Home Retail Group confirms new buyers are no longer interested in DIY, prefer to shop online and hire worker to do the job
The DIY-expert retailer stops its operation of some of its branches in the coming years, pointing to the issue on extra space in other units and the preference of consumers on DIY products decreases. The mother company, Home Retail Group, declared that roughly 30 units will discontinue its operation in this year and more closures are expected in the coming years.
CEO confirmed that the closures will lead to loss of job but begged to specify the numbers of jobless staff, but rather bragged that the company will help its employees to find new jobs.
The top official further explained that inconsistency on standards in some branches became a factor that led to poor sales. And its online shop was slacking off as well.

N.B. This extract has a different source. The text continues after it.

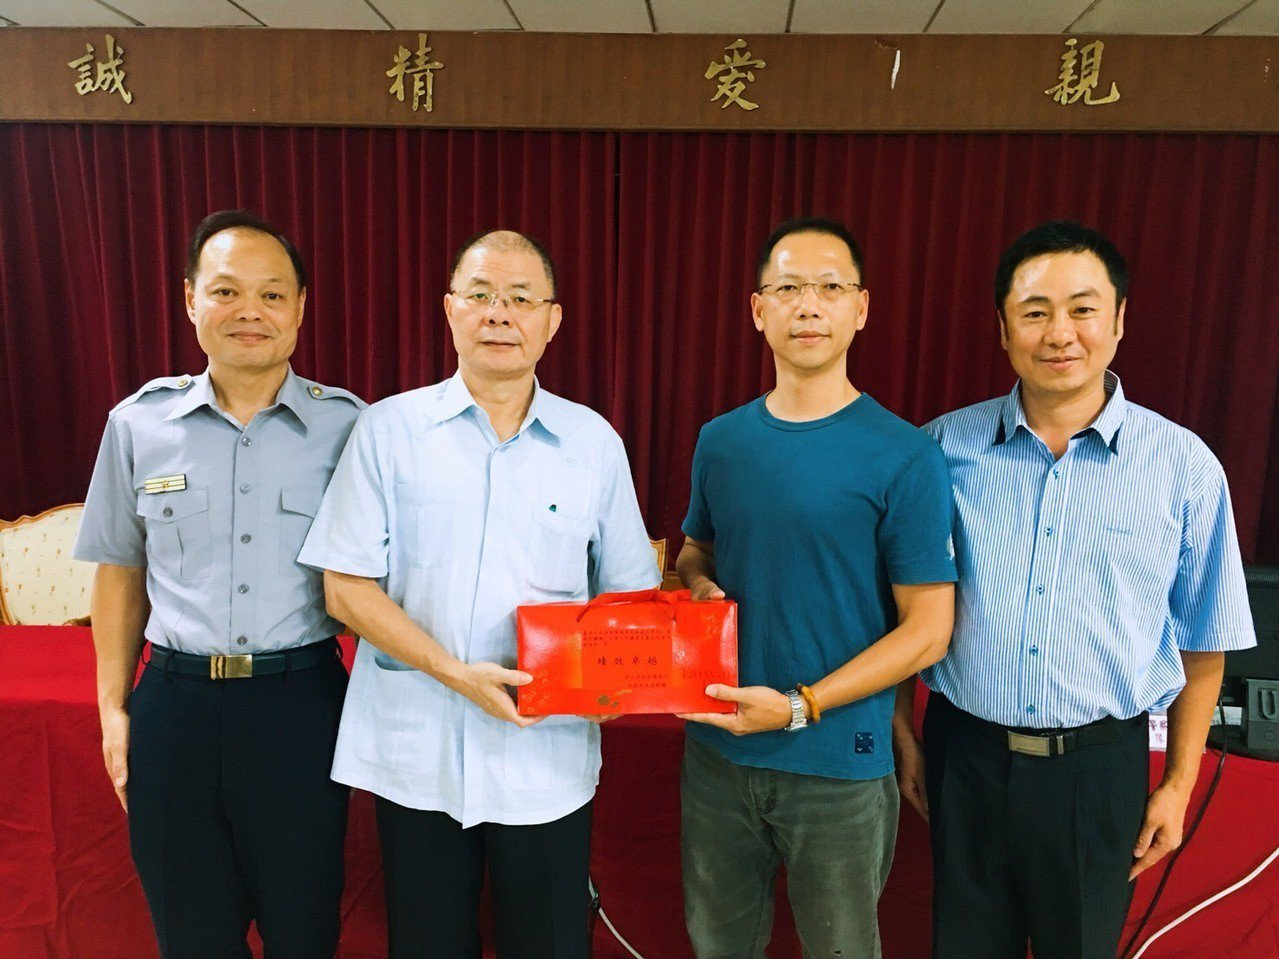 新北市警察局長胡木源(左二)頒發破案茶給蘆洲分局破案有功人員。記者袁志豪/翻攝

Even its competitors also experienced sales slump when house prices dropped and selling of properties was ceased. The housing industry got back again last year however the brand fell short in the recovery process. Maybe because fewer consumers are no longer into DIY and prefer to pay somebody to do the job.
The new CEO boarded the company last August and immediately conducted a review of the company. The brand missed to go with the development in Argos, which repackaged its organization and concentrated more in offering online services.
In the coming years, consumers will be able to do online ordering from Homebase and perform self collection in one of Argos' branches.
The company's first six months figures increased at 4.1% however it was way lower than the previous year which was almost 6%.
Majority of the brand's units are located out of town. The finance official declared that the company did not have similar issues with Tesco since its customers did not have the same shopping experience in other shops locally.